It happened by accident, as my favorite discoveries on Twitter tend to. I can’t even remember how I saw a tweet from Ian Dunt, the editor of politics.co.uk, Parliament watcher, and host of the Remainiacs podcast. It’s not difficult to discern where Dunt’s inclinations lie: his tweets are full to the point of bursting with exasperated white hot anger at the malevolent incompetence on display in Parliament and coming from that address on Downing Street. He wears his heart on his tweets.
He has also been live-tweeting the intense, nerve-wracking parliamentary process of late stage Brexit with almost forensic detail. His commentary is slipped in between his reportage. I find it all completely riveting.
It’s not just Mr. Dunt’s style that I find riveting though. I realized early on during the week that Brexit was originally scheduled to happen that his Twitter feed was the most detailed blow by blow account of what could end up being the undoing of that canary dying in the miserable coal mine of our current morass in the Western world, where we are awash in brazen incompetent liars successfully moving people to join them in their often fascist fantasy world and absolutely destroying the decrepit machinery of the world that wasn’t working too well in the first place.
Brexit was the harbinger of the still unfolding Trumpocalypse, the robin of the authoritarian spring in Eastern Europe, the symptom of a disease that has been wracking the body politic since the financial crisis.
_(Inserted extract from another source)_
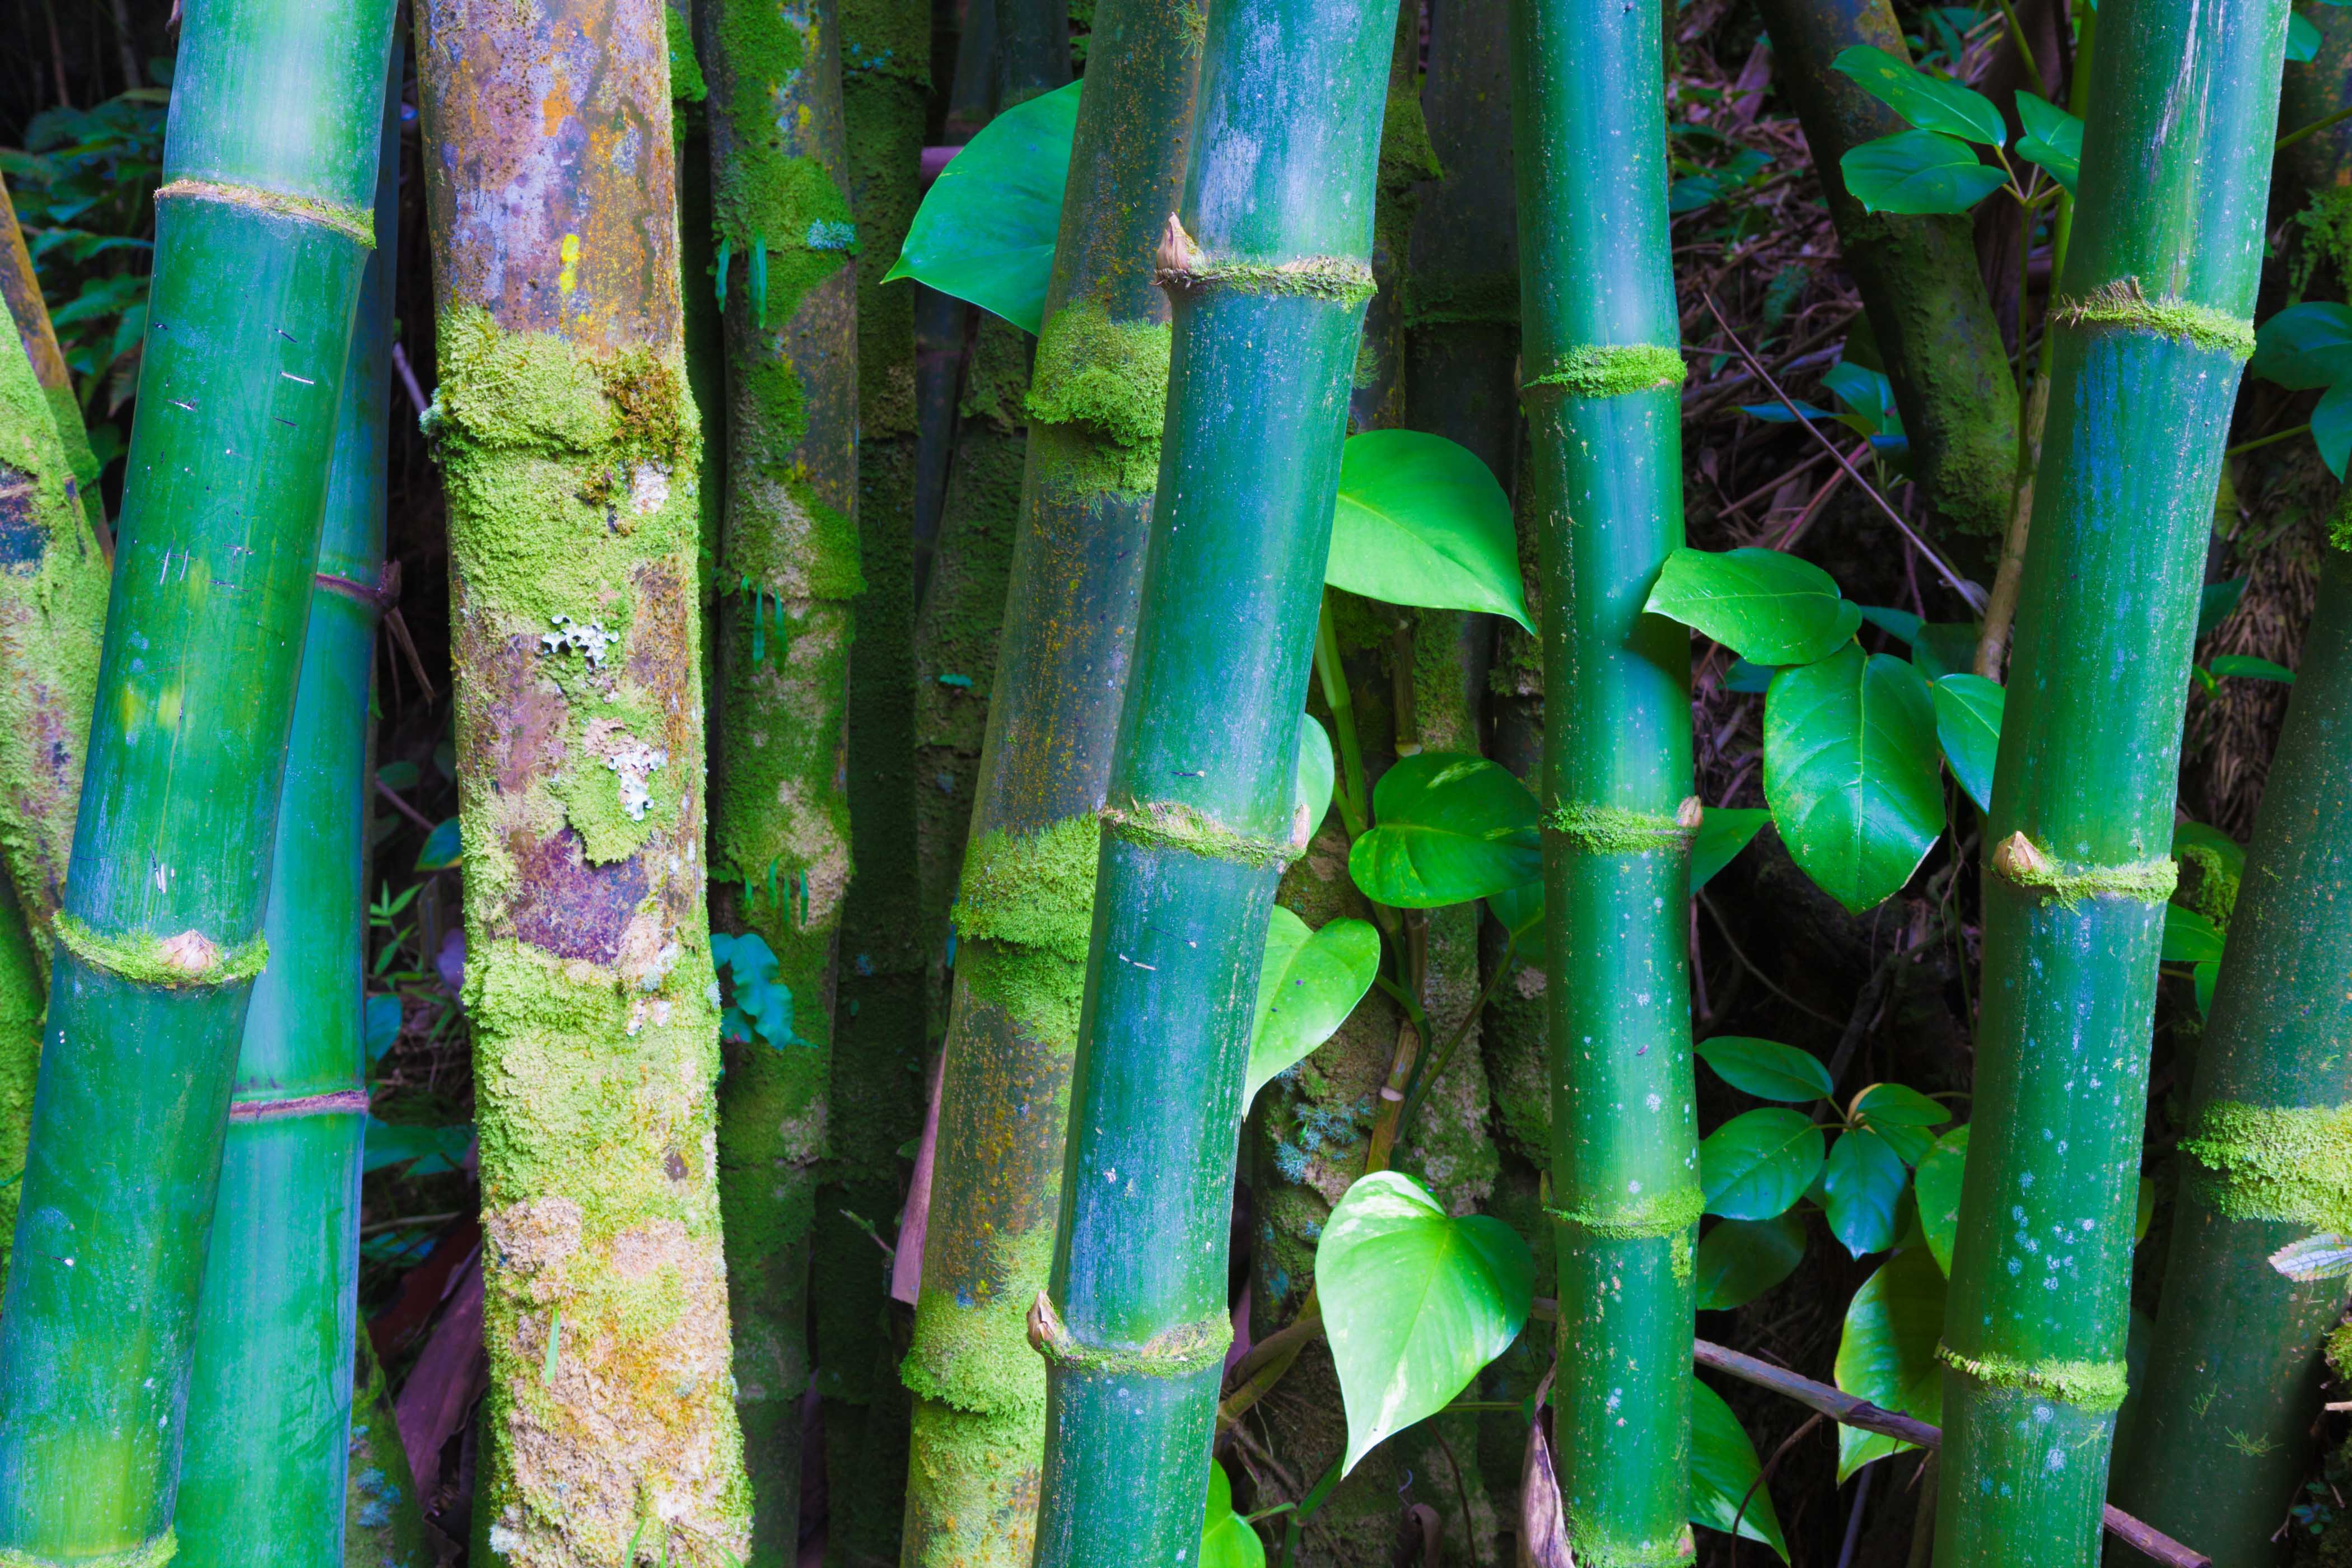 Bamboo forest in Hawaii

Many of us expected a political crisis to follow the financial one, way back when. Not many of us thought it would take a decade to metastasize before we then suddenly get diagnosed with Stage IV populist cancer. It was the utterly irrational convulsion of the Brexit referendum that felt like an inspiration and an impulse that gave spiritual energy to other such convulsions.
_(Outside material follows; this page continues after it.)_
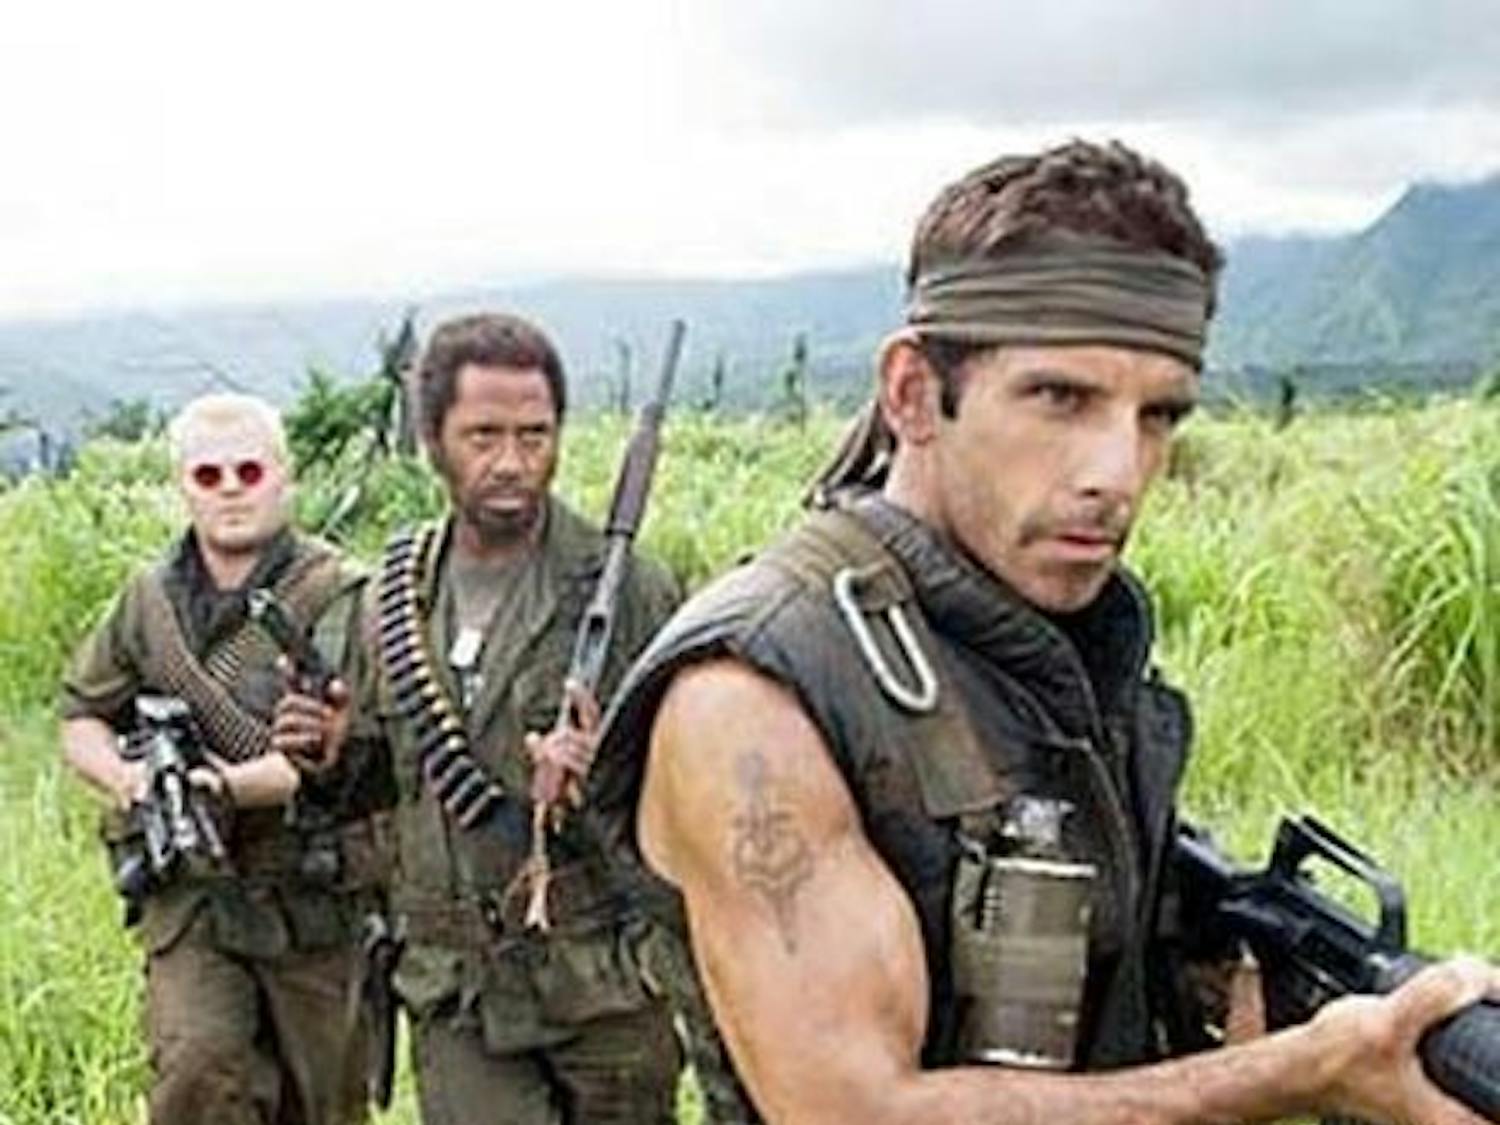 Despite offending some groups, Tropic Thunder is a comedy success.

I’ve over over over generalized a lot of political and economic history there, but that’s what humans do. The real world is so bewildering and overwhelming that we have to simplify somehow, we develop heuristics that makes things easier but are frequently wrong wrong all the time. I am in no way saying that Brexit caused all of these ills. It was just the first blatant sign that all was so far from well, you could be forgiven for calling the whole thing fucked beyond repair and throwing your hands up in despair. The hits kept coming after that, like Trump getting elected and literally anything that Trump has said or done since then. Viktor Orban is bad. Poland is devouring itself. Slovakia tried. Turkey has gone mad. Venezuela is imploding. Israel somehow cannot rid itself of a criminal prime minister who literally caucuses with terrorists. Syria is a locus of human misery that can’t be fixed because so many don’t want it fixed. So is Yemen. Saudi Arabia just flat out murders dissidents in other countries. I don’t need to recap the entire list. It’s been a shitty fucking last few years.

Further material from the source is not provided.